In my example above, I’m importing columns A thru K. But you can change those letters to import any range of columns you want.

When you first enter the IMPORTRANGE() function, Google will ask you to connect the sheets before it will work. Once you connect the sheets, you don’t need to do that again.

I make the sheet name for each year’s import the name of the year.
Then, in a new sheet in that new spreadsheet, I can get one sheet with all the transactions by using:
={‘2020’!A:K;‘2019’!A2:K;‘2018’!A2:K;‘2017’!A2:K}
in cell A1.

Did that help you understand it?

Jon

Yes it did, I understand the concept now. I tried but but I got a formula parse error. heres what I did.

  1. Created a new spreadsheet and used import range to import my transactions sheet, successfully linked the sheets
  2. in that spreadsheet, I created a new tab and in A1 I placed the following formula to test: ={‘2019’!A:K} (the sheet that I imported from has a tabbed titled “2019”)
  3. That did not work so I tried using the formula in my original (source) sheet, and I still get the “formula parse error”. I tried moving the quotes and nothing.

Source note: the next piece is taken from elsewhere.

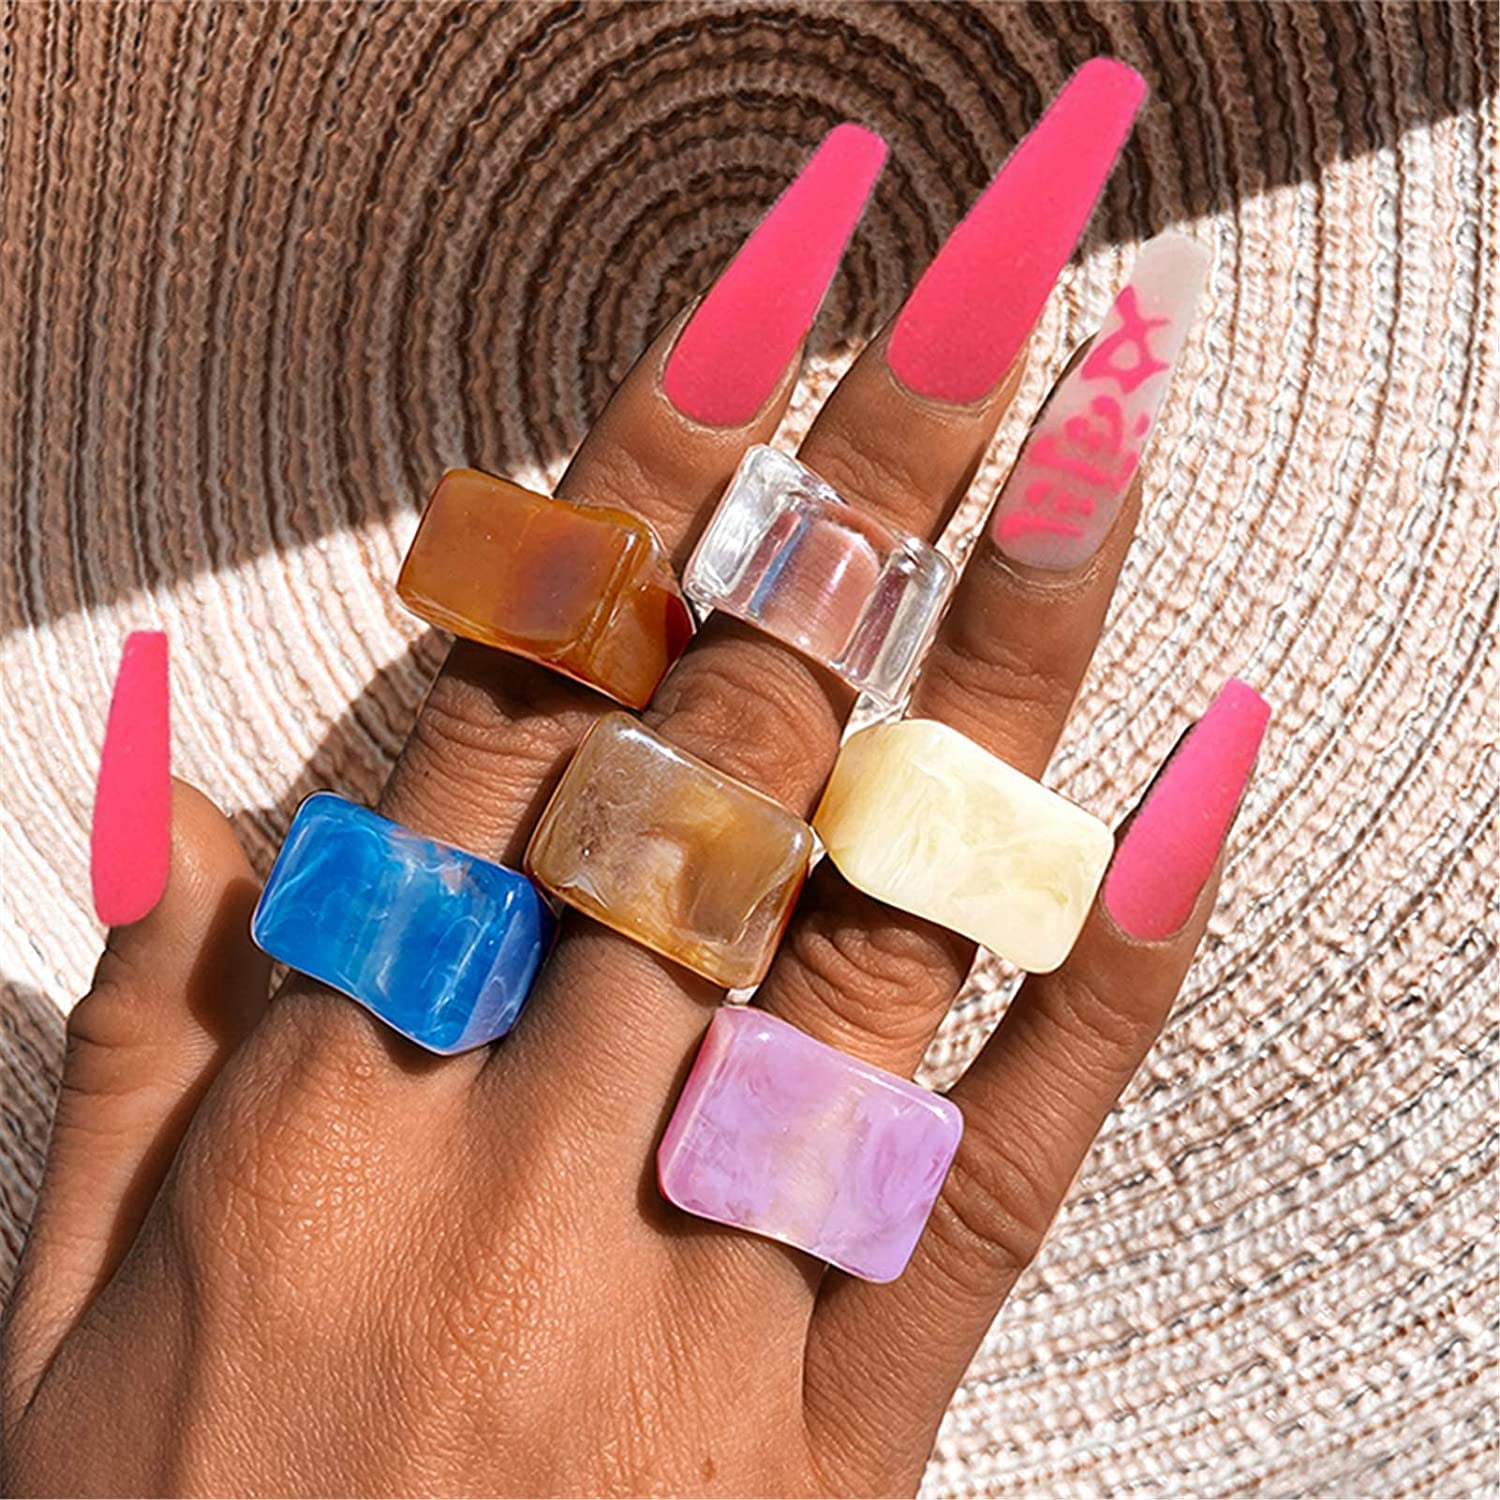  Acrylic Resin Rings Cute Trendy Rings Colorful Rings Plastic  Resin Stackable Chunky Ring set for Women Girls: Clothing, Shoes & Jewelry
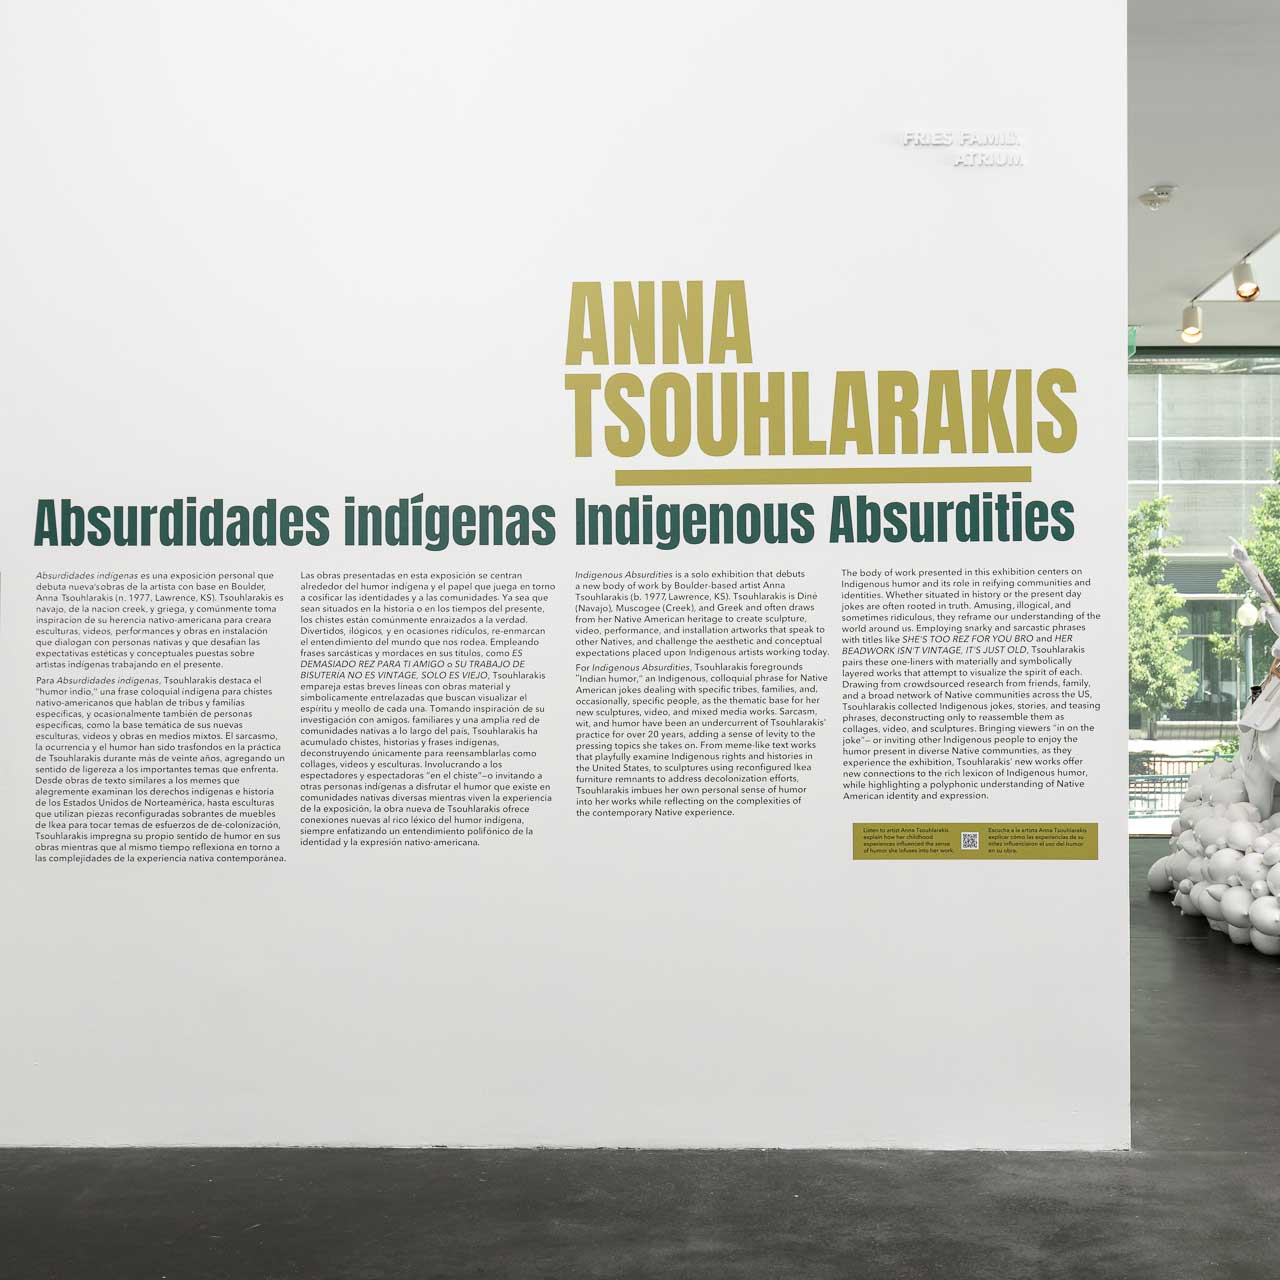 Wall text that reads, "Anna Tsouhlarakis: Indigenous Absurdities".

Thank you for your help in troubleshooting this!

What happens if you remove the single quote in your step 2:

={2019!A:K}

Single quotes are needed if a sheet name has a space on it. I use them in examples in case people have a space.

Single quotes that are open and closing quotes (if that’s possible) don’t work in Sheets. Sometimes programs like word put them in. You might have non-standard quotes. So, see if removing them helps.

Does your range in sheet 2019 go from A to K? If not, that could be an issue.

I’m not sure what your comment in 3. means.